To make sense of some of these complexities, I talked to Beck Tench, a principal investigator at Harvard’s Center for Digital Thriving who thinks about AI use in terms of digital agency, which she defines as people “having meaningful choice and intention and control over how technology fits into your life.”

The idea of approaching AI use as a question of agency immediately resonated with me. As an adult, I often encounter AI in ways that deprive me of agency — pop-ups that offer to write my emails for me, or statements from tech CEOs that their models are about to take my job. When I am given a choice in how I use the tools (for example, in a recent Vox seminar about ethical ways to use AI for research), they become a lot more appealing.

For kids, supporting AI agency in the classroom might look like an ongoing series of conversations between teachers and students about what’s appropriate at any given time, Tench told me. “Maybe at the beginning of the year, you can’t use it for spelling and grammar, but once you’ve got that down, you can, and you need to make sure you’re not using it for outlining.”

“One of the things that we’re hearing from young people is that they want adults to help them with this, and they want advice and guidance,” Tench said. “That advice and guidance needs to come in conversation with them.”

Agency around AI is going to look different for young children than it does for adults. But figuring out how all of us can have more control over the presence of AI in our lives feels like a better goal to me than simply banning kids from a technology that causes a lot of problems for grown-ups, too.

As Tench put it, “we’re focusing on young people because they’re, frankly, easier to set rules for than the actual tech companies, who have far more power in the world.”

Bloomfield, for his part, wants young people to be involved in formulating any legislation that might restrict their access to technology.
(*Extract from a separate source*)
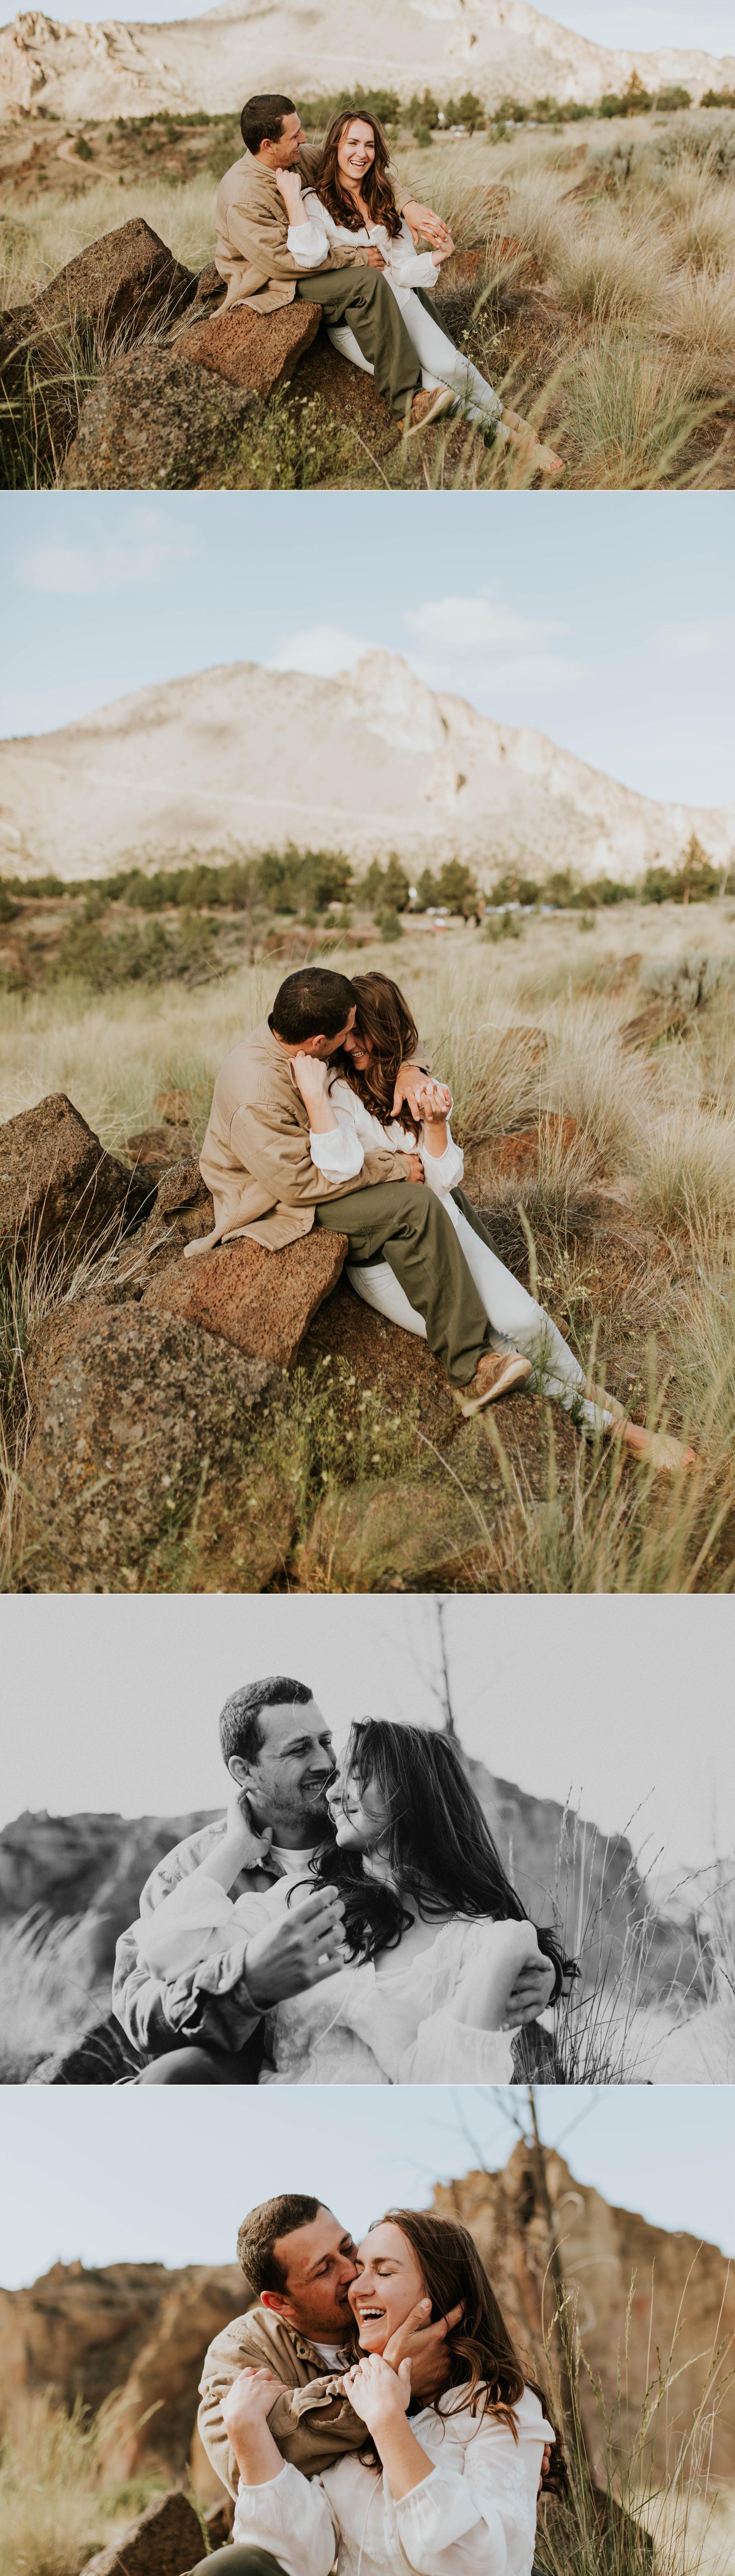 ThroughVictoriasLens_SmithRock_Engagements10.jpg

Kids “deserve a say in what happens in their own lives,” he said. “They deserve not to be left out of the world that’s evolving around them.”

What I’m reading

A new study of school cellphone bans found that the bans did work to reduce cellphone use. However, they did not improve test scores, and at least initially, suspensions actually went up at schools with bans.

A lot of kids are probably going to miss out on “Trump accounts” because the signup process creates too many barriers for families. 

I liked what these New York Times reporters had to say about how they talk with their kids about the news.

My little kid has been enjoying Not Quite Narwhal, a sweet story about a little narwhal (or is he?) finding his place(s) in the world.